INFORMATION PROVIDED Block Start

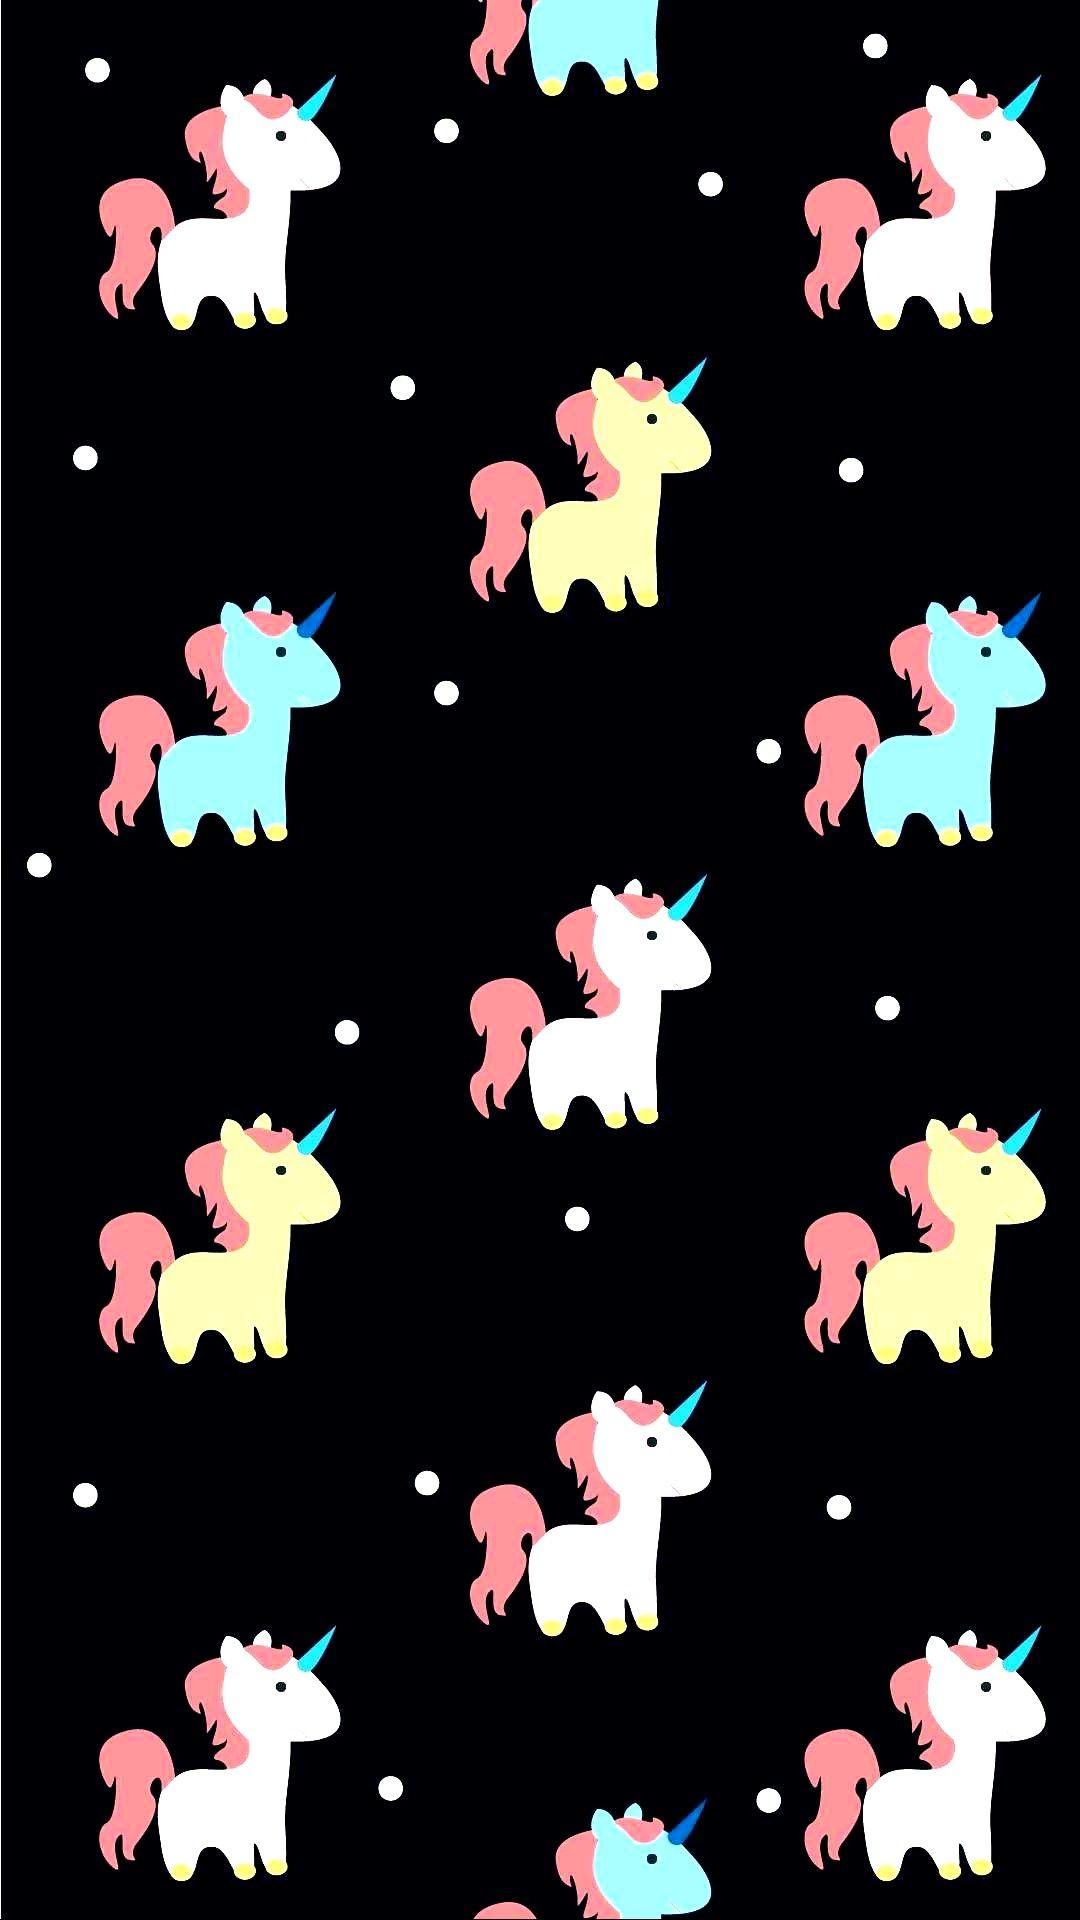 Pin Oleh Delvika Rani Di Unicorns Boneka Hewan Kuda Poni Kartun
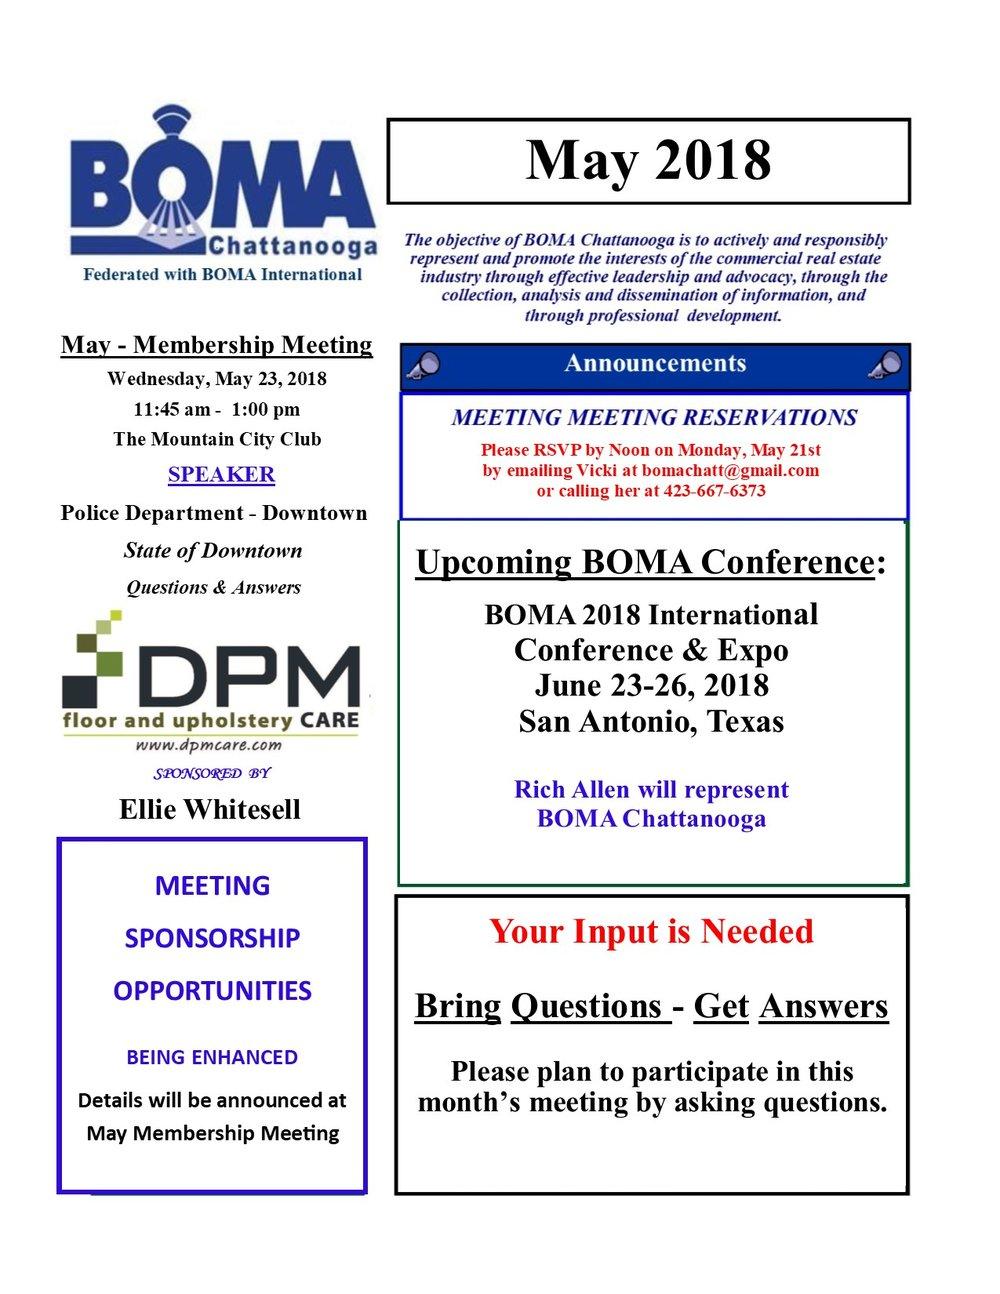 May 2018 Newsletter.jpg
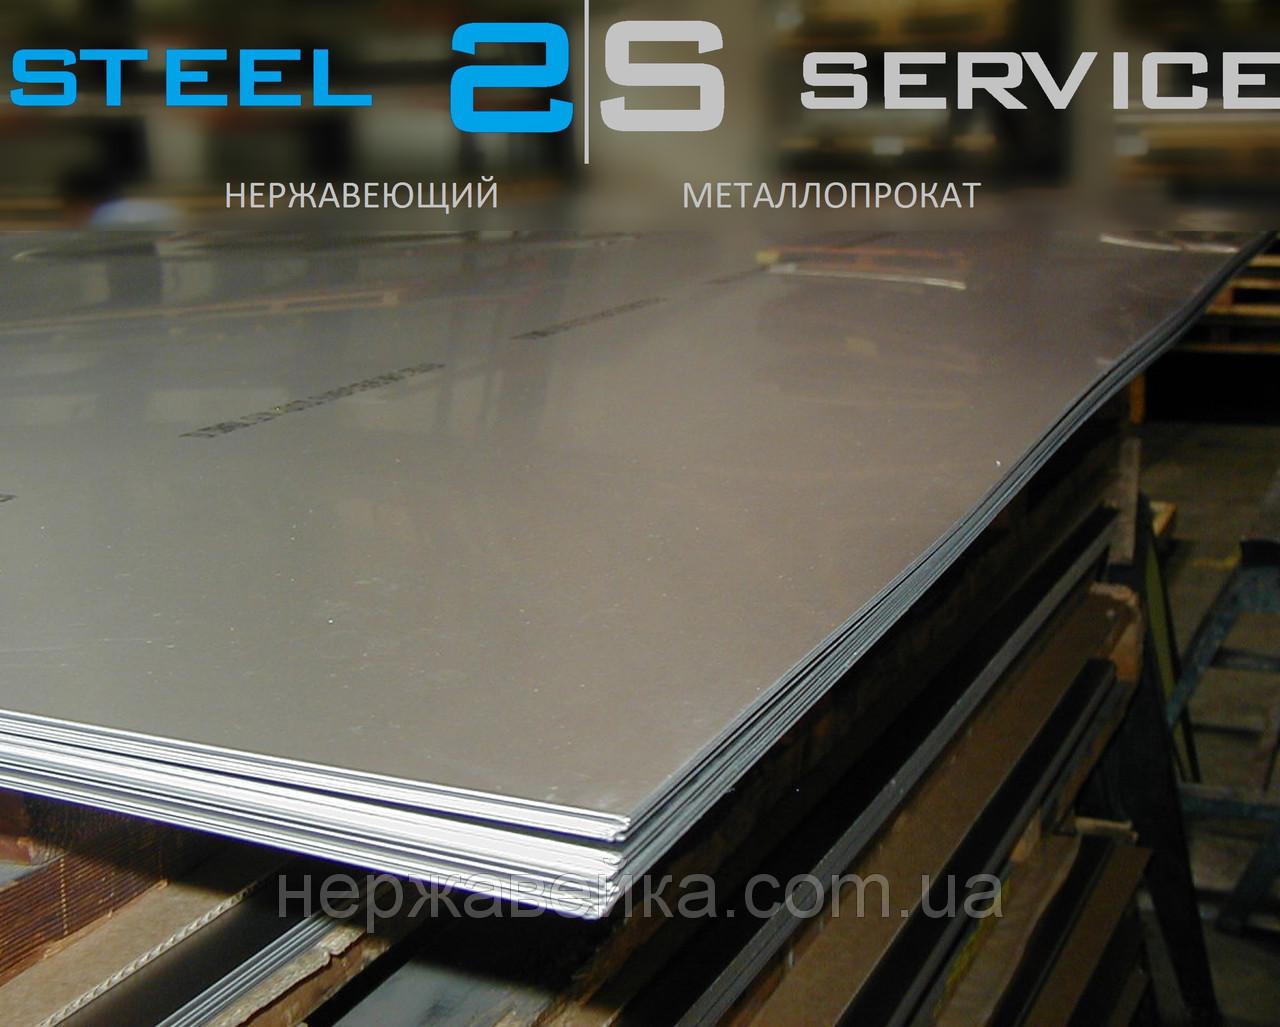 Нержавіючий лист 20х1000х2000мм AISI 316Ti(10Х17Н13М2Т) F1 - гарячекатаний, кислотостійкий
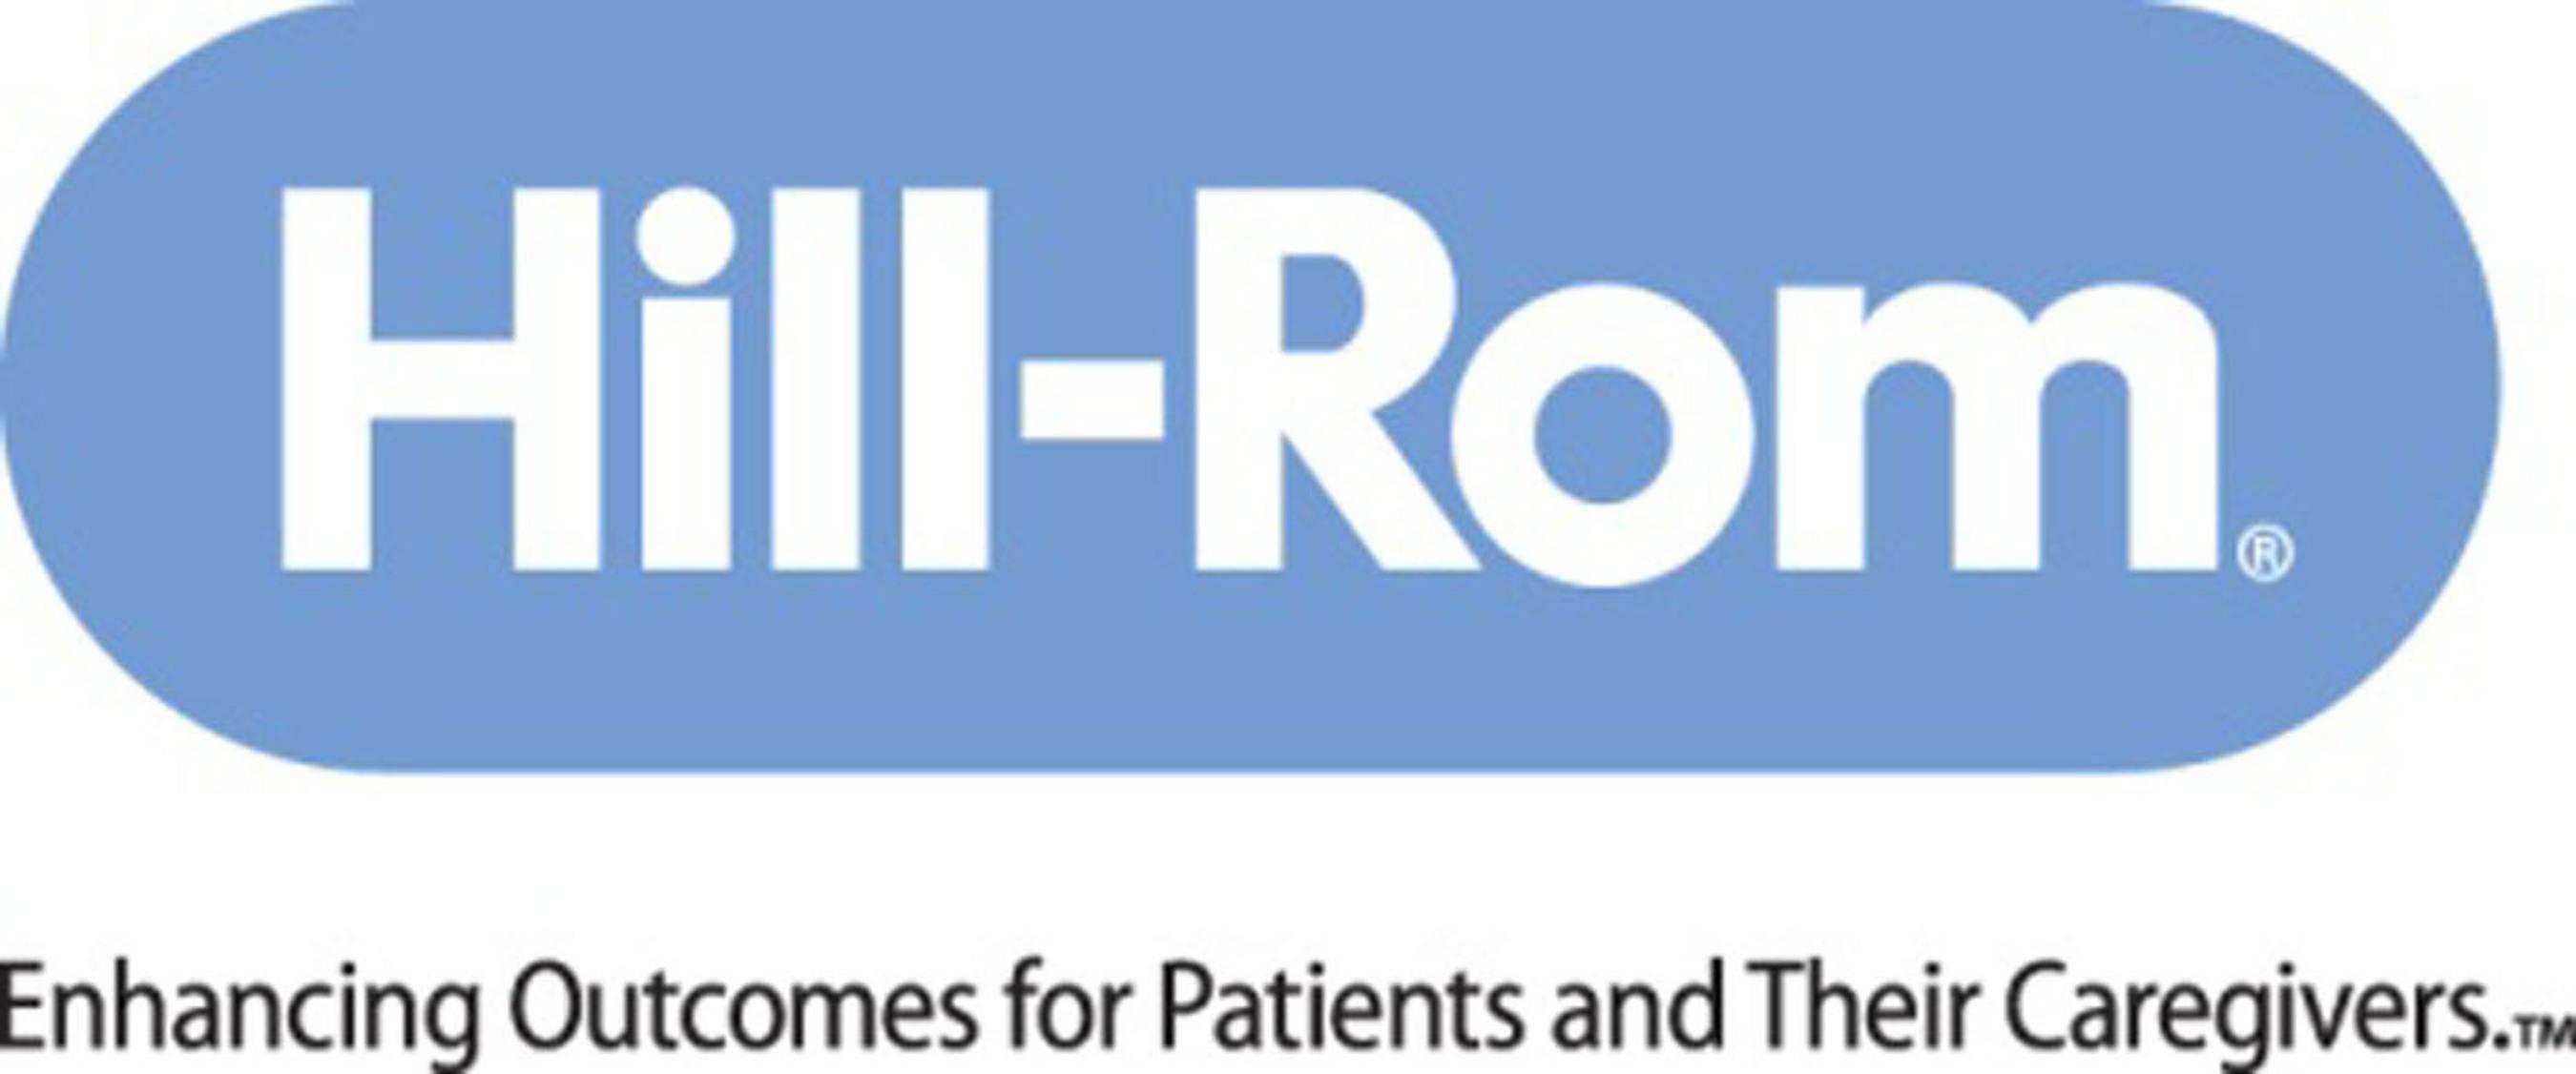 Hill-Rom Logo.

INFORMATION PROVIDED Block End

_PROBLEM STATEMENT_
Write the data out again word for word; leave the pictures behind.

_FINAL ANSWER_
 Pin Oleh Delvika Rani Di Unicorns Boneka Hewan Kuda Poni Kartun
 May 2018 Newsletter.jpg
 Нержавіючий лист 20х1000х2000мм AISI 316Ti(10Х17Н13М2Т) F1 - гарячекатаний, кислотостійкий
 Hill-Rom Logo.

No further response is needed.